Another option is to use `plot.type = "heat"`, which colors cells on a scale from blue to red, depending on the number of mutations within the cell. This allows for the user to observe regions of high mutation counts. 

```{r, rgl = TRUE, fig.width = 7, fig.height = 5, echo = -2}
visualizeTumor(out, background = "white", plot.type = "heat")
rgl::view3d(zoom = 0.66)
```

One can easily look inside the tumor by plotting a (static) cross-section with the `plotSlice()` function. One can slice in any coordinate direction and level with the `slice.dim` and `level` arguments (see the user manual). 

```{r, fig.width = 7.5, fig.height = 4}
par(mfrow = c(1,2))
plotSlice(tumor = out)
plotSlice(tumor = out, plot.type = "heat")
```

## Spatial distribution of mutants
One of the main reasons for using a spatial simulation of tumor growth is to investigate biases in the distribution of mutants throughout the tumor. There are countless questions that can be asked, and hopefully the return value of `simulateTumor()` will give enough information to answer most of these. To get a quick summary of the spatial distribution of mutations, `SITH` includes `spatialDistribution()`. This includes a plot of the number of mutations as a function of Euclidean distance, a histogram of the number of mutations, and the mutations with the largest MAF. We can compare the similarity of two cells $A$ and $B$ by viewing their genotypes as a binary vector (with component $i$ on if mutation $i$ is present in the cell) and computing the *jaccard index* $J(A,B) = |A \cap B|/|A \cup B|$. `spatialDistribution()` also estimates the average Jaccard index of cells as a function of the Euclidean distance between them. 

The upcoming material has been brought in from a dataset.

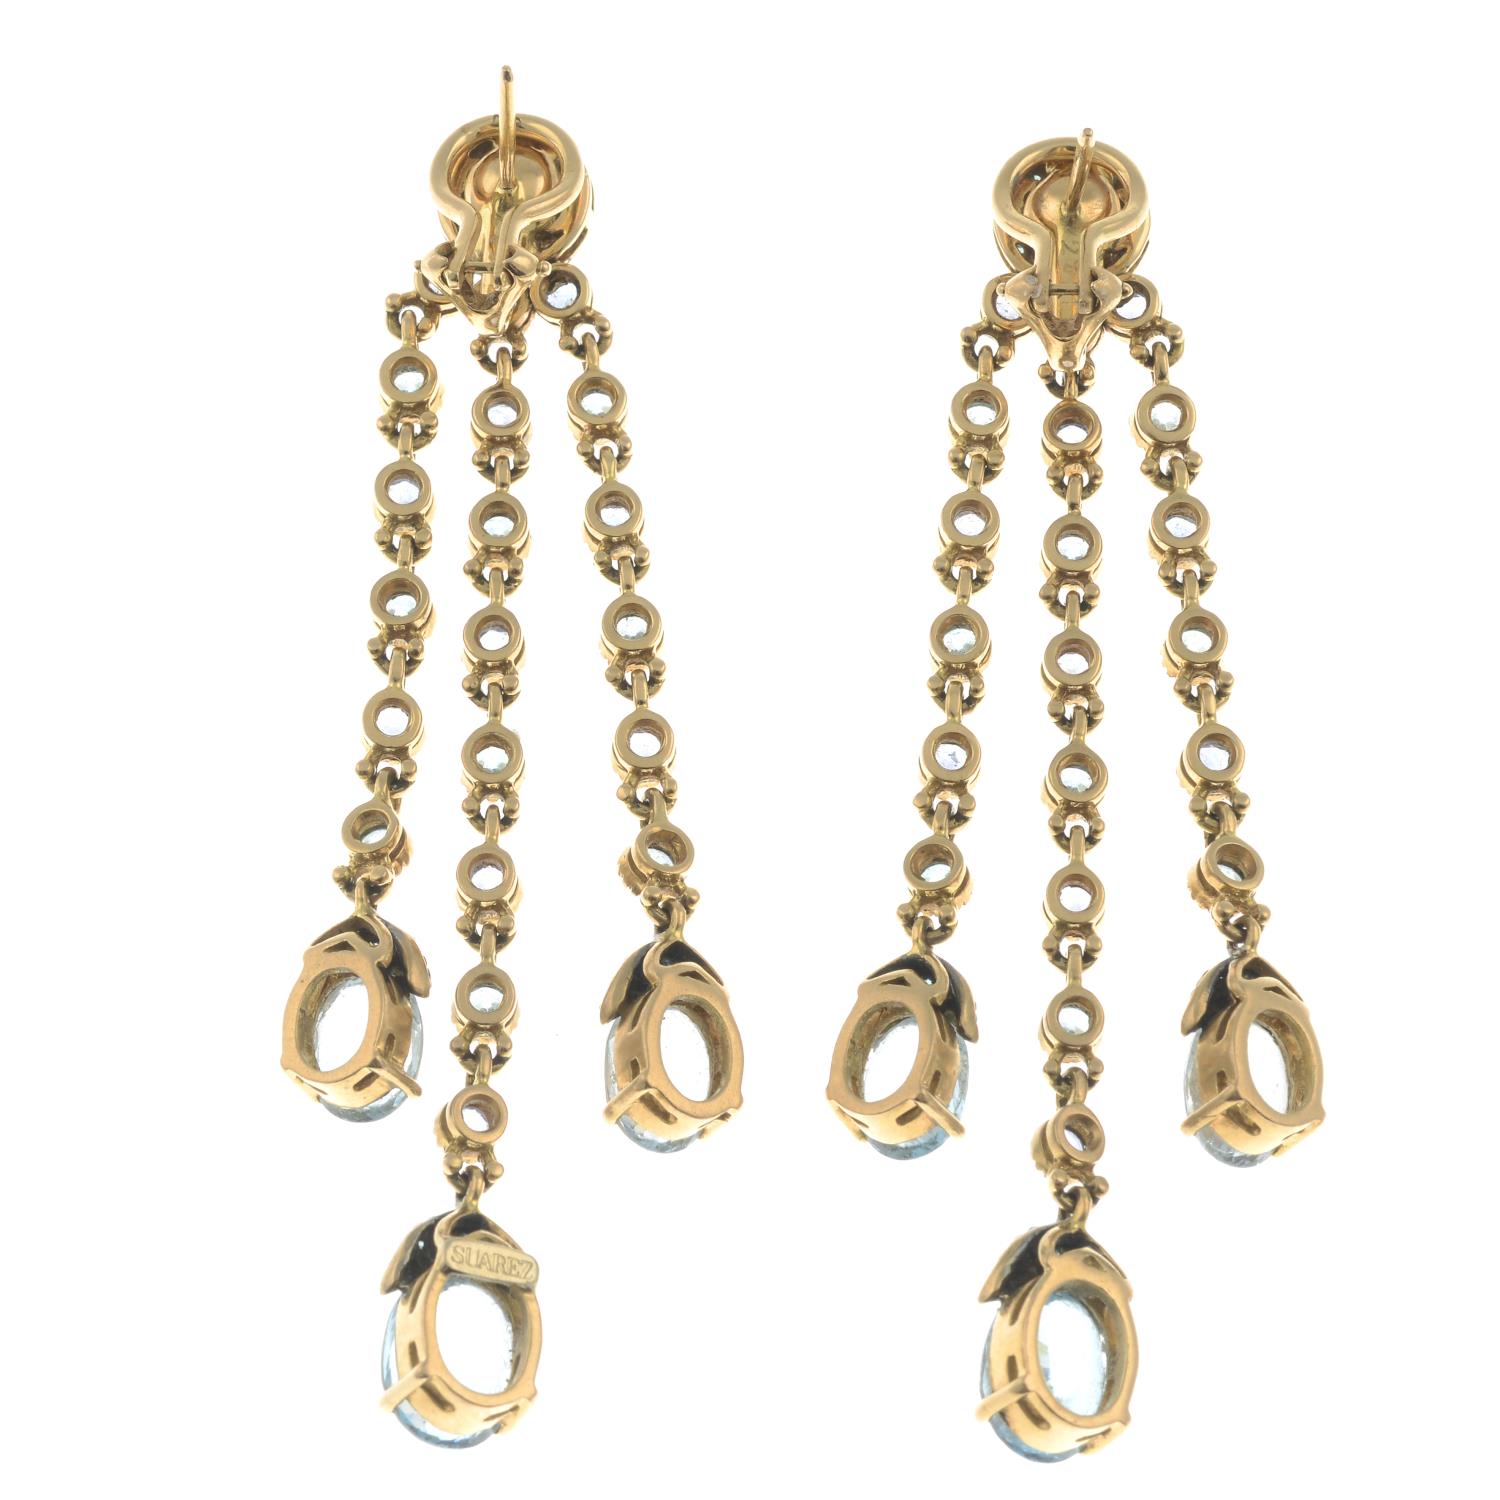 A pair of drop earrings. - Image 2 of 2

```{r, fig.width = 7.5, fig.height = 6}
sp <- spatialDistribution(tumor = out)
```

Note that the list `sp` also contains all of the raw data needed to generate the plots. 

```{r}
names(sp)
```


## Simulating sequencing data 
An exciting application of the spatial models of intratumor heterogeneity is to use them to generate synthetic sequencing data sets. 

Recently, there have been a myriad of algorithms designed to infer clonal composition or tumor phylogeny from single cell sequencing or bulk sequencing data sets (for example, @kuipers2016). It is not well understood what the impact of spatially biased sampling methods will have on these methods. Using simulated data sets from spatial models could be helpful in determining which inference algorithms are likely to be useful in practice. 

`SITH` contains several functions that simulate single cell sequencing and bulk sampling, allowing the user to get synthetic sequencing data sets from the tumor. 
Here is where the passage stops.